Adjusting Op Amps for LED Lighting: Understanding Comparator Behavior

[rms5643]

Edit: I solved it, and found that it should be 30v because that causes a 24v drop across 40kohm resistor which is 6v, which is equal to the voltage at the non inverting terminal, meaning Vout will be +VSat, but I don't understand why this is correct, because my notes say that if the voltage at the non inverting terminal is greater than the voltage at the inverting terminal, then Vout will be +VSat, which is what we want to power the LED, but assuming the opposite that is, assuming Vout will be +VSat if the inverting terminal is **greater** than the non inverting terminal led to the correct answer. I do not understand why, though

Homework Statement

For the circuit below, to what value would the 5 V source have to be changed so that the LED lights when Vin reaches 9V?
Figure: http://i.imgur.com/1AIQvVy.jpg

Homework Equations

Vout = -VSat if VRef > VSignal
Vout = VSat if VRef < VSignal

The Attempt at a Solution

I used voltage division to find VRef and VSignal:
40000/(40000+10000)*5=V drop across 40kΩ = 4
3000/(3000+6000)*9=V drop across 3kΩ = 3

Then, VRef = 5v-4v = 1v, and VSignal = 9v-3v = 6v

As 6v > 1v, Vout = VSat, which should power on the LED, which means the 5 V source should not have to be changed.

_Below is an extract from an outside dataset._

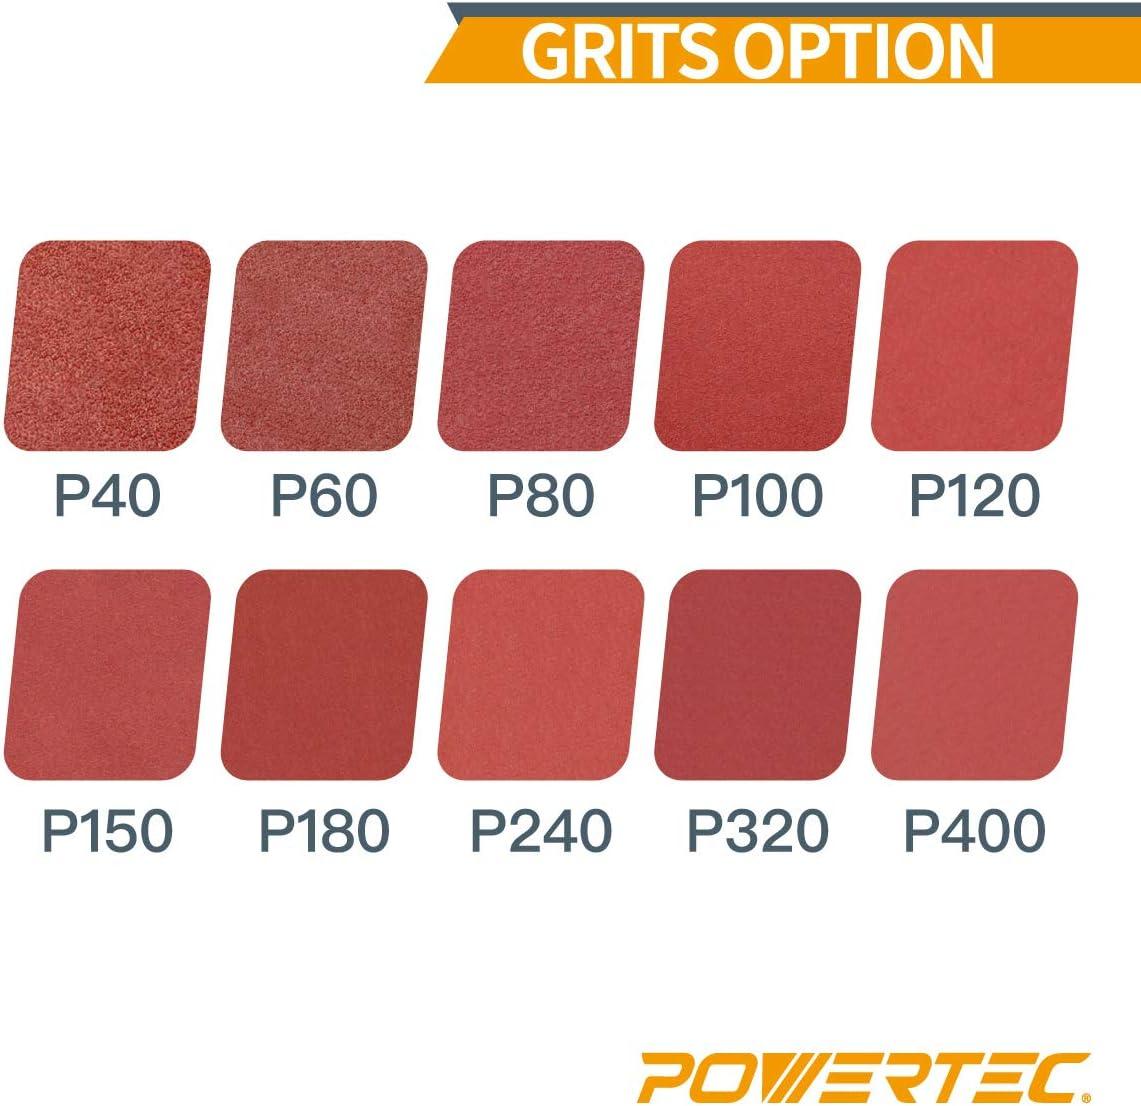 10-Pack POWERTEC 110090 4-Inch x 24-Inch 80 Grit Aluminum Oxide Sanding Belt

Though, this clearly circumvents what this problem is trying to show me so I think there's something fundamental I am not understanding about comparator op amps.

 

[NascentOxygen]

The op-amp doesn't share your confusion.

Each source, in conjunction with its associated potential divider, places a voltage at an input of the op-amp. If the voltage on the + input is more positive than the voltage on the - input, the op-amp output will be at +ve saturation. Just as you say you were told.

Your approach to potential dividers needs re-examining.

 

[rms5643]

Your approach to potential dividers needs re-examining.

So, my understanding of voltage division is the following:
Suppose you have a circuit with a voltage V and two resistors R1 and R2 shown as follows:

--R1--
|...|
V...R2
|...|
-------

Then, the voltage drop across R1 is defined as follows: Vr1=R1/(R1+R2)*V
And the voltage drop across R2 is defined as follows: Vr2=R2/(R1+R2)*V

So, applying this to the circuit above, the voltage drop across the 40kΩ resistor is defined to be:
40,000/(40,000+10,000)*5=4

So, that means that there is a 4v drop across the 40kΩ resistor. So the voltage at the inverting terminal is Vin minus the drop across the 40kΩ resistor, or 5-4=1v

Doing the same for the non inverting terminal:
3,000/(3,000+6,000)*9=3,
Thus, the voltage at the non inverting terminal is 9-3=6v.

Since the voltage at the non inverting terminal is greater than the voltage at the inverting terminal, Vout is equal to +VSat, which would turn on the LED.

 

[NascentOxygen]

All clear now?

 

[rezeew]

Dear student,

Your solution is correct. The reason why your notes state that Vout = +VSat if the inverting terminal is greater than the non-inverting terminal is because they assume that the op amp is ideal and has infinite gain. In reality, op amps have a finite gain, which means that the output voltage will not be exactly equal to the supply voltage.

In this circuit, the inverting terminal is connected to ground, so the non-inverting terminal will always have a higher voltage (due to the voltage divider). Therefore, Vout will always be +VSat, which is what we want in order to power the LED.

I hope this clarifies your confusion about comparator behavior. Keep up the good work in solving problems and understanding concepts!